# What are the critical values of f(x)=(x-lnx)/e^(x+ln(x^2))-x?

Aug 19, 2017

$f$ has no critical values.

#### Explanation:

Note the simplification that can occur in the denominator: ${e}^{x + \ln \left({x}^{2}\right)} = {e}^{x} {e}^{\ln} \left({x}^{2}\right) = {x}^{2} {e}^{x}$.

We also might note that the domain of $f$ is $x > 0$.

$f \left(x\right) = \frac{x - \ln x}{{x}^{2} {e}^{x}} - x$

To find critical values, we find where the derivative $f '$ equals $0$ or does not exist within the domain of $f$.

To differentiate $f$, we'll need the quotient rule:

$f ' \left(x\right) = \frac{\left(\frac{d}{\mathrm{dx}} \left(x - \ln x\right)\right) {x}^{2} {e}^{x} - \left(x - \ln x\right) \left(\frac{d}{\mathrm{dx}} {x}^{2} {e}^{x}\right)}{{x}^{2} {e}^{x}} ^ 2 - 1$

$f ' \left(x\right) = \frac{\left(1 - \frac{1}{x}\right) {x}^{2} {e}^{x} + \left(\ln x - x\right) \left(2 x {e}^{x} + {x}^{2} {e}^{x}\right)}{{x}^{4} {e}^{2 x}} - 1$

Factoring ${e}^{x}$ from the numerator and taking one $x$ from ${x}^{2}$ into the parentheses:

$f ' \left(x\right) = \frac{x \left(x - 1\right) + \left(\ln x - x\right) x \left(2 + x\right)}{{x}^{4} {e}^{x}} - 1$

$f ' \left(x\right) = \frac{x - 1 + \left(\ln x - x\right) \left(x + 2\right)}{{x}^{3} {e}^{x}} - 1$

The derivative doesn't exist for $x \le 0$, which is the same as $f$, so there are no critical points to be found there.

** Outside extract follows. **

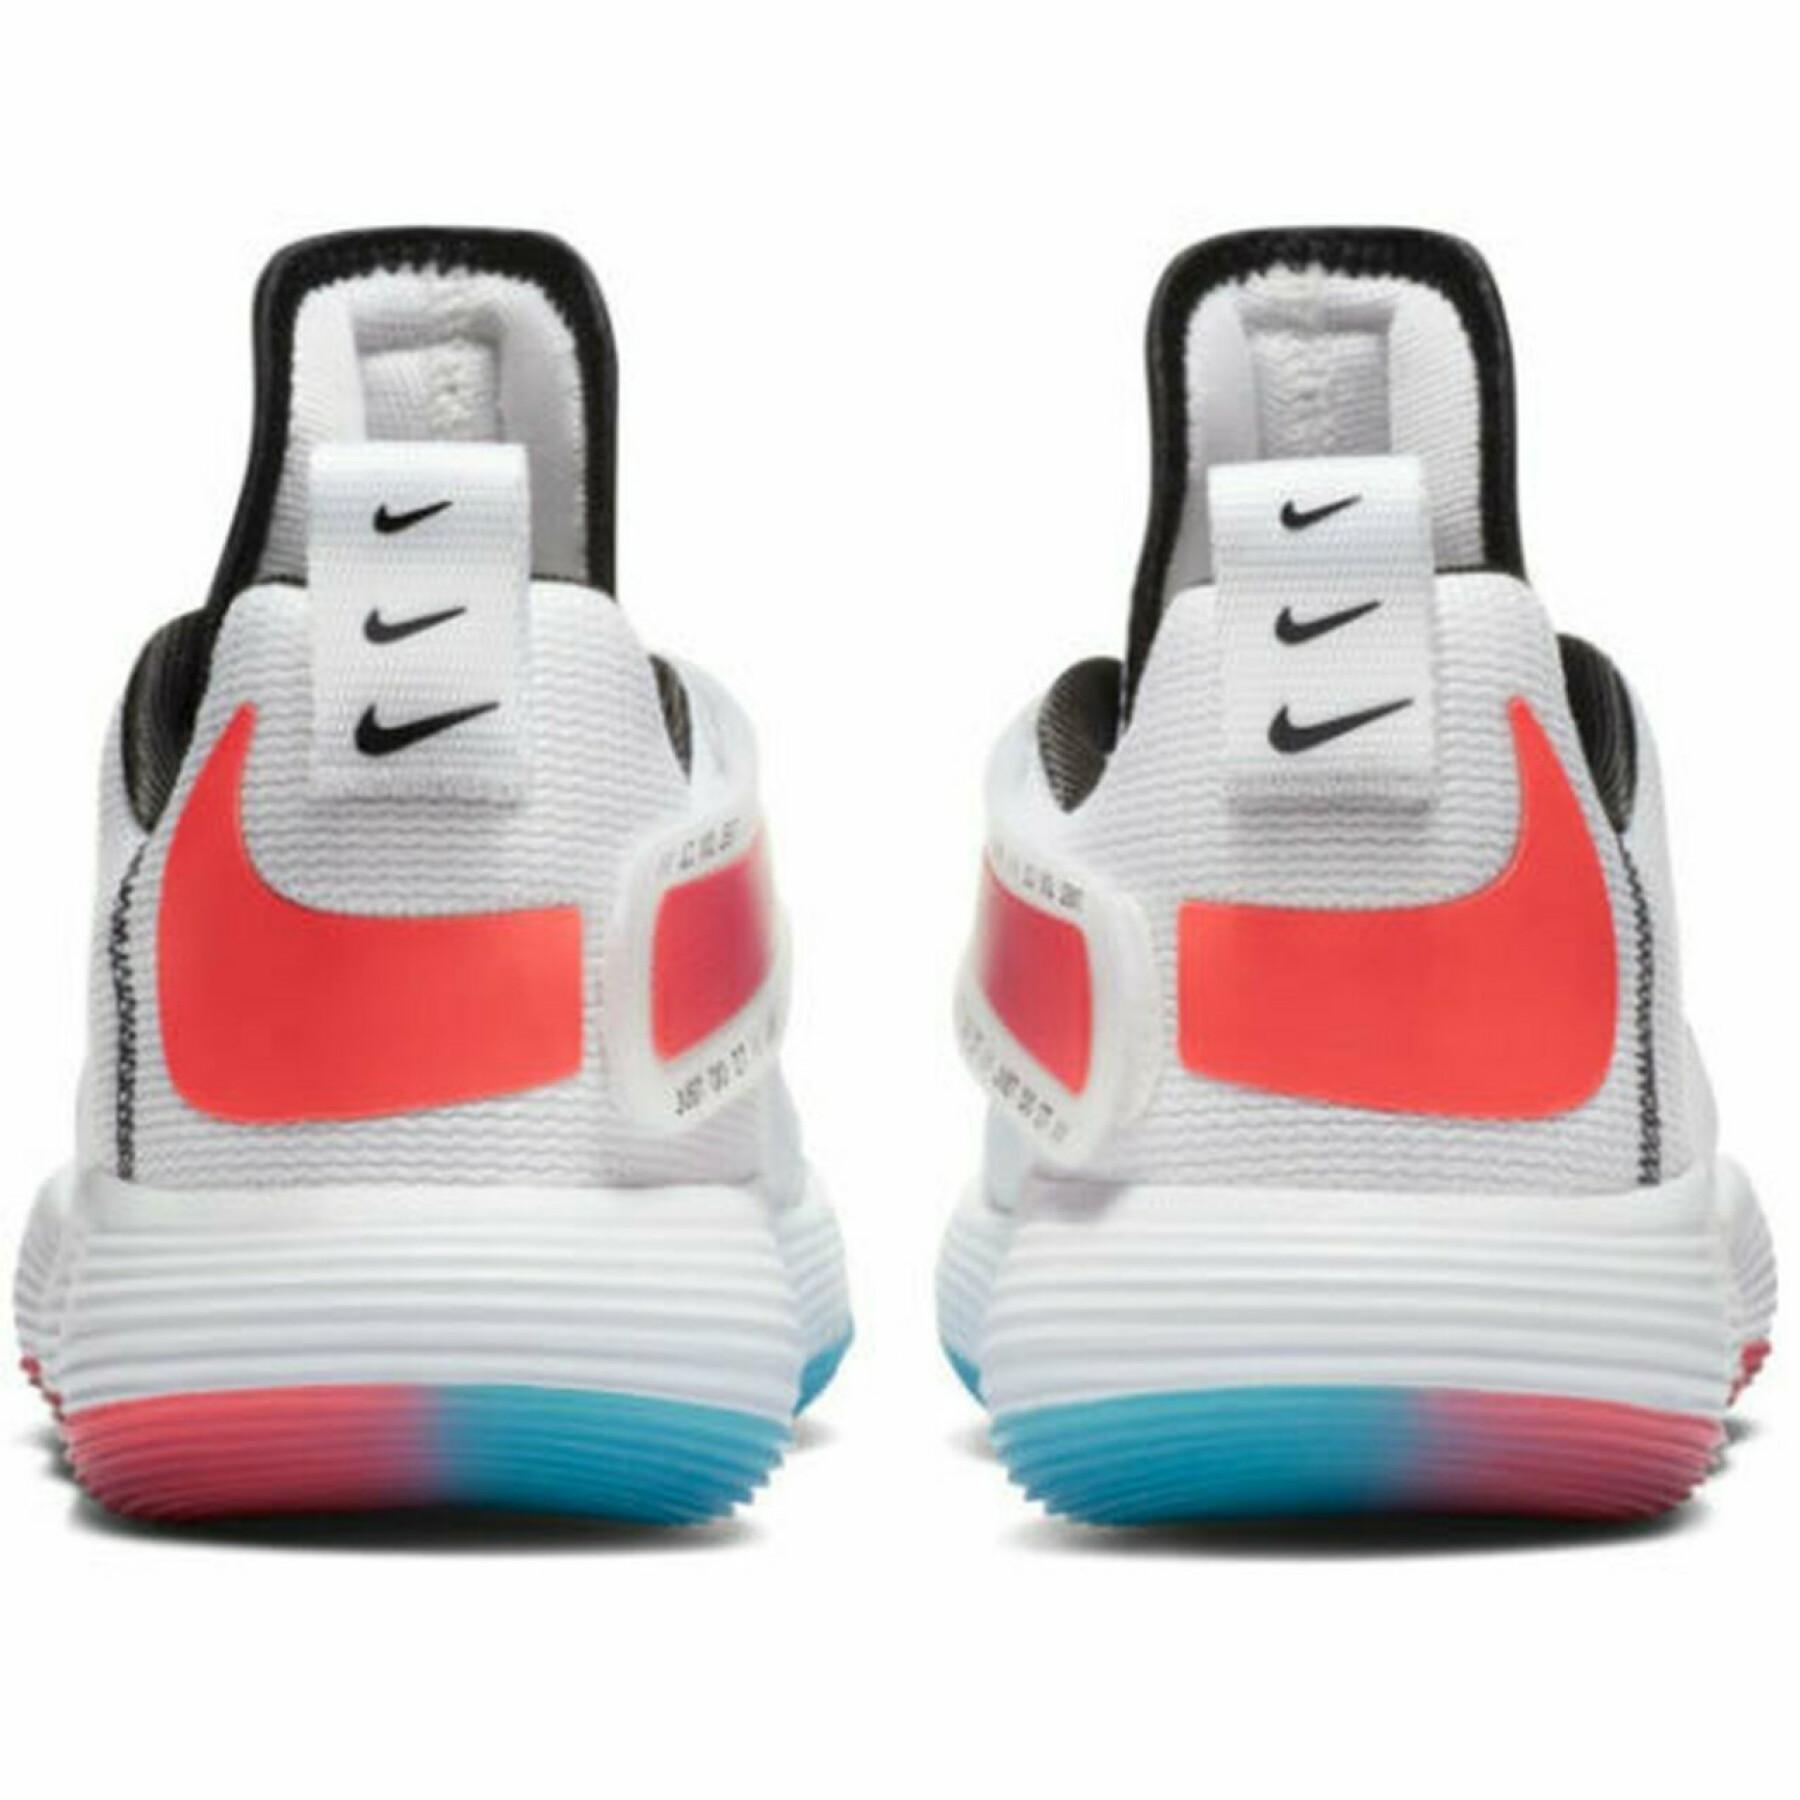 Zapatos Nike React Hyperset Olympics
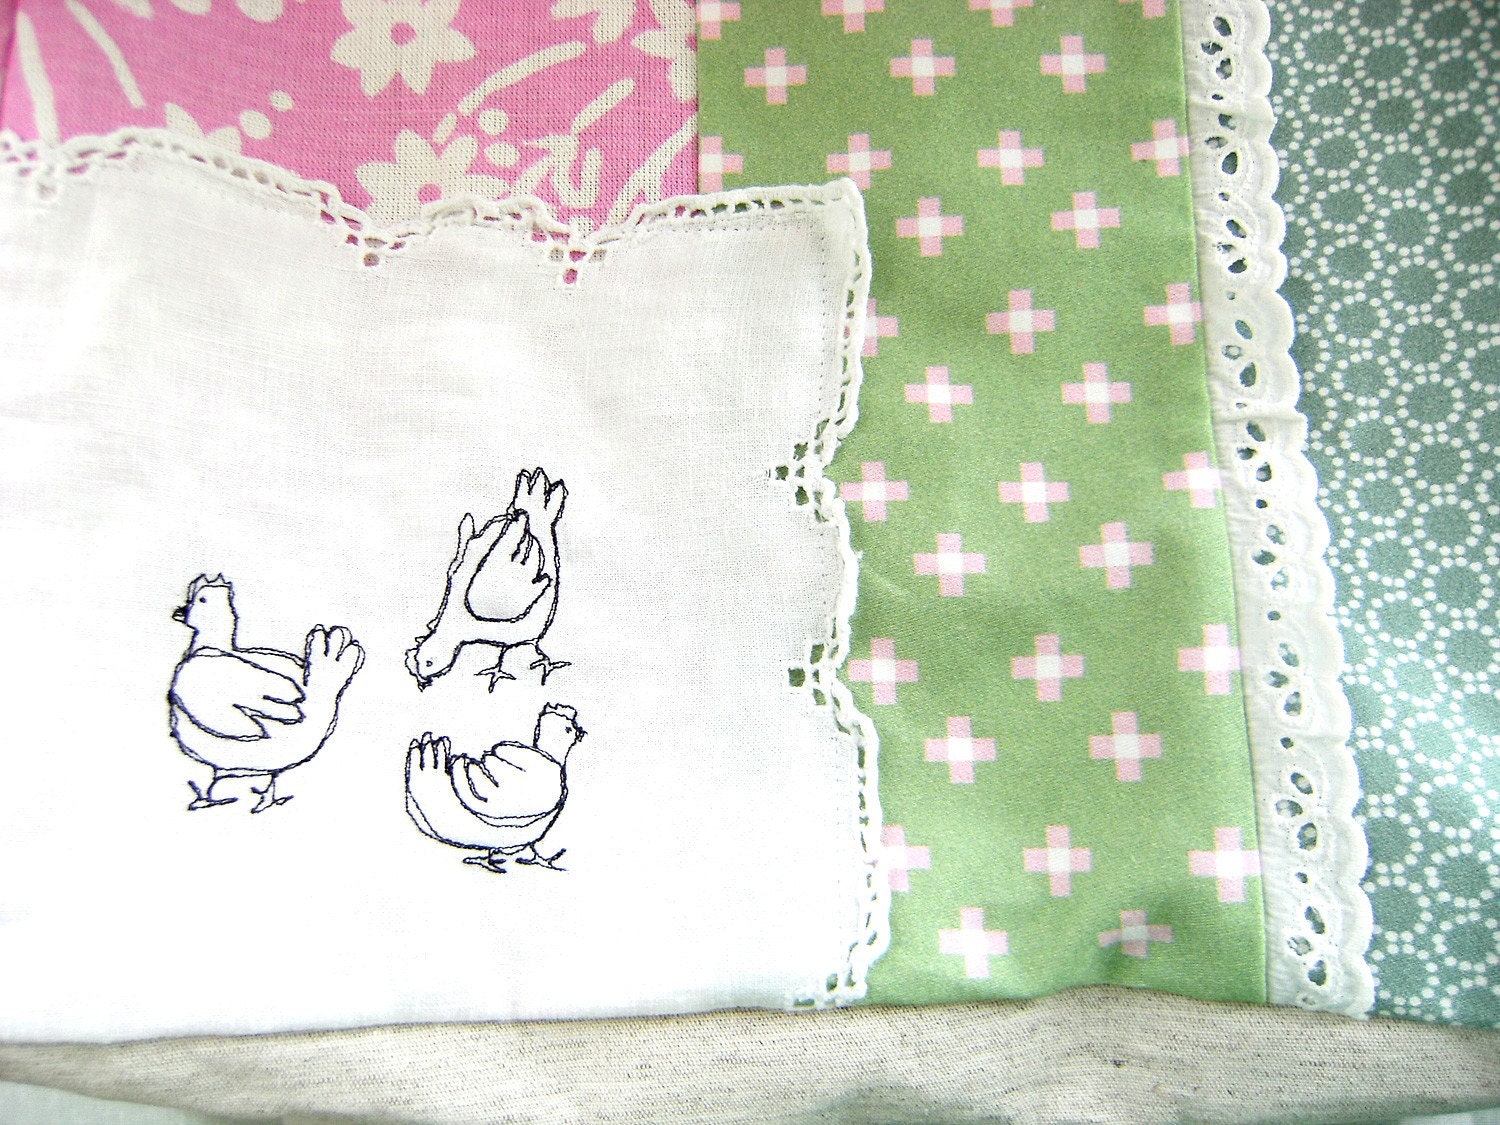 Embroidered Messenger Bag - 'La Basse-court' large patchwork bag in pink and green

Other critical points could occur when $f ' \left(x\right) = 0$:

$0 = \frac{x - 1 + \left(\ln x - x\right) \left(x + 2\right)}{{x}^{3} {e}^{x}} - 1$

Continuing to manipulate gives an equation which cannot be solved algebraically:

$x - 1 + \left(\ln x - x\right) \left(x + 2\right) - {x}^{3} {e}^{x} = 0$

Graph this to find that is has no zeros.

This means that $f$ has no critical values.